[What this task involves] Retype, exactly and with both ends included, the lines below from the one containing "Sommeil : Pourquoi" through the end; omit the pictures.

--- Data block ---

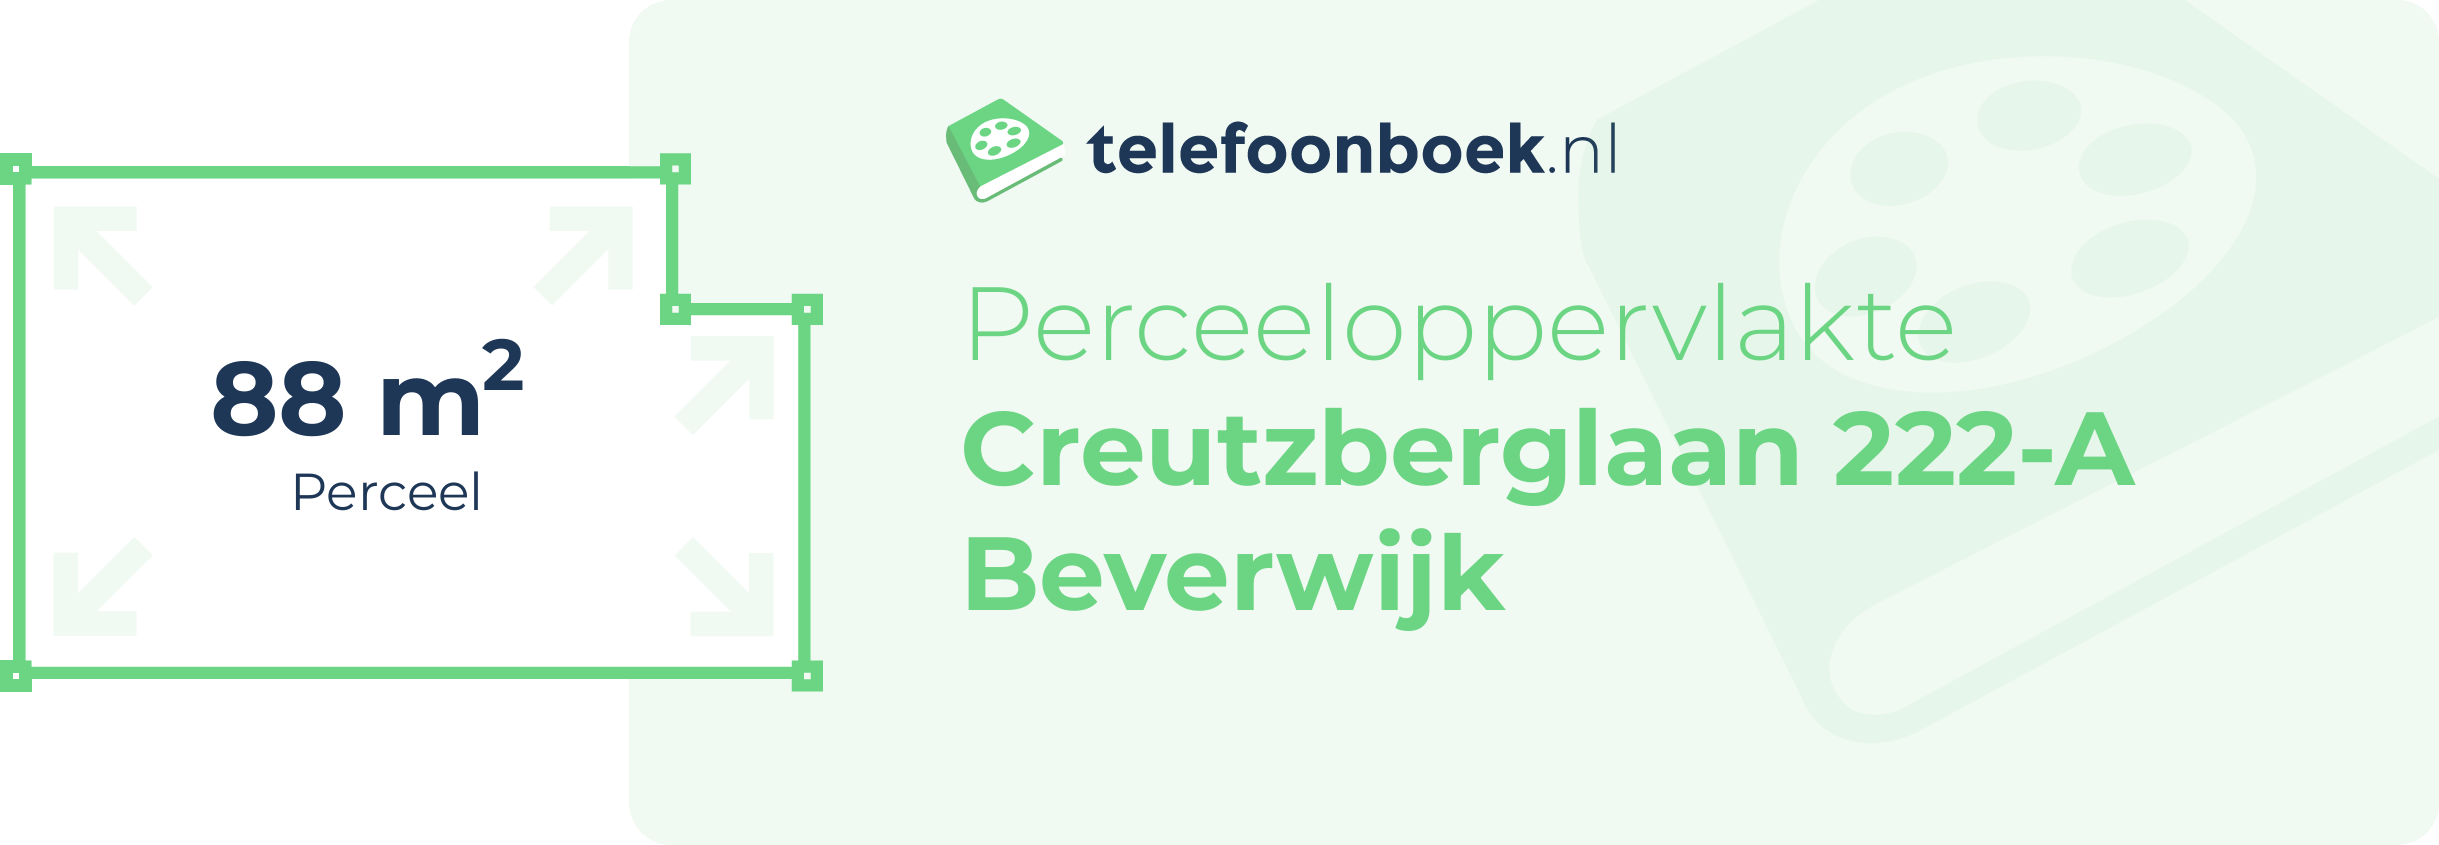 Perceeloppervlakte Creutzberglaan 222-A Beverwijk
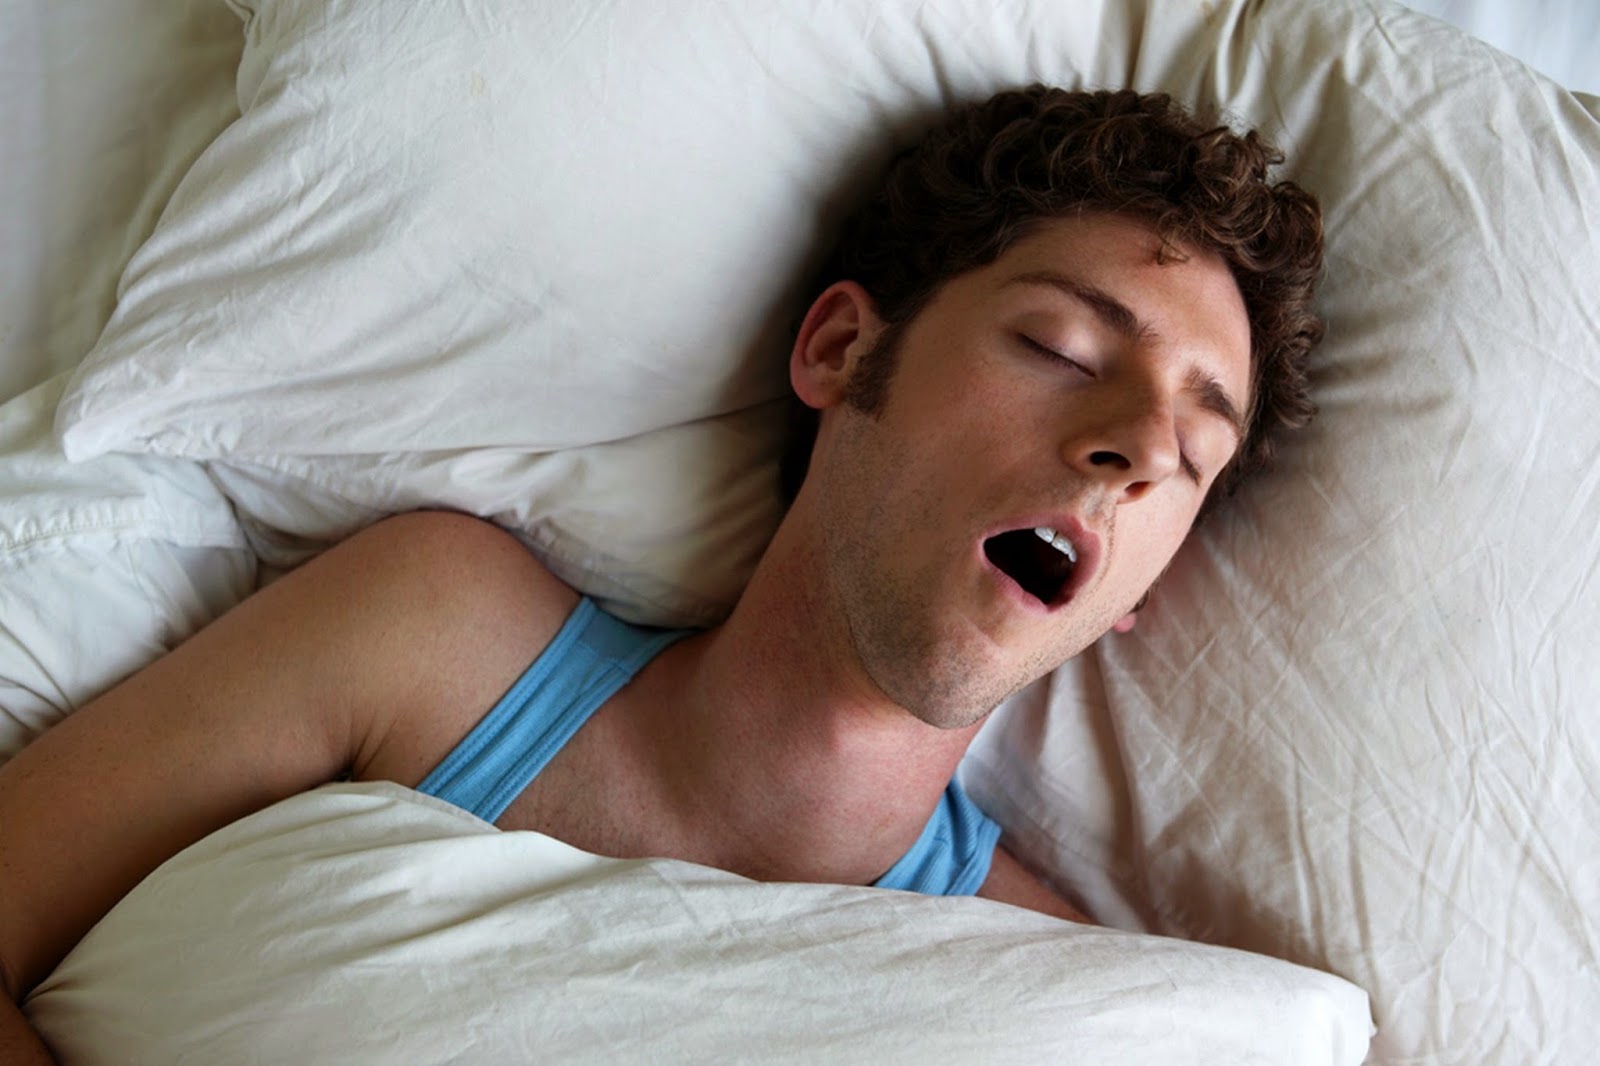 Sommeil : Pourquoi faut-il éviter de dormir la bouche ouverte?
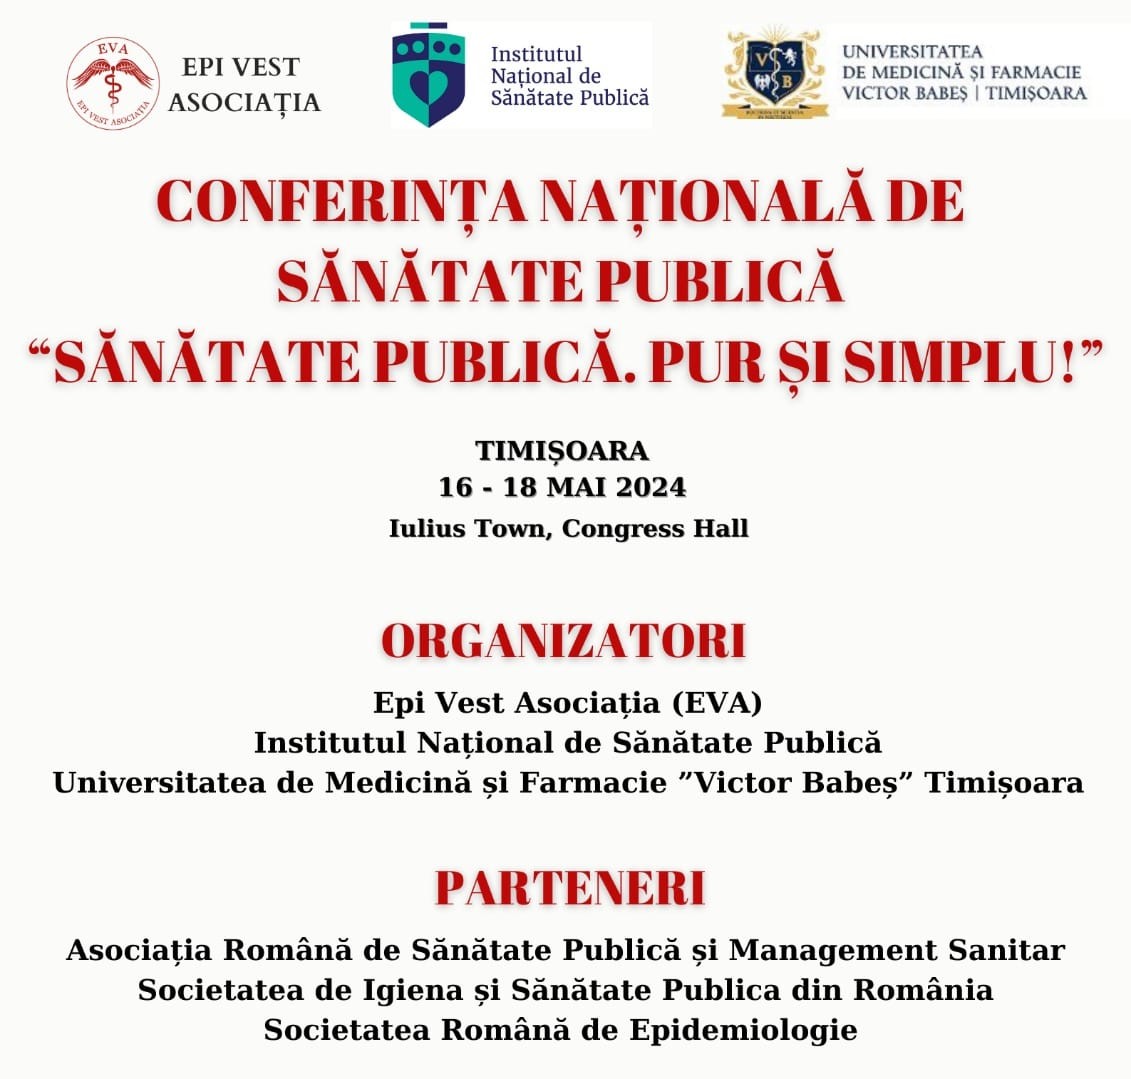 Conferința Națională de Sănătate Publică va avea loc în perioada 16 - 18 mai

---

[Exercise solution]
 Sommeil : Pourquoi faut-il éviter de dormir la bouche ouverte?
 Conferința Națională de Sănătate Publică va avea loc în perioada 16 - 18 mai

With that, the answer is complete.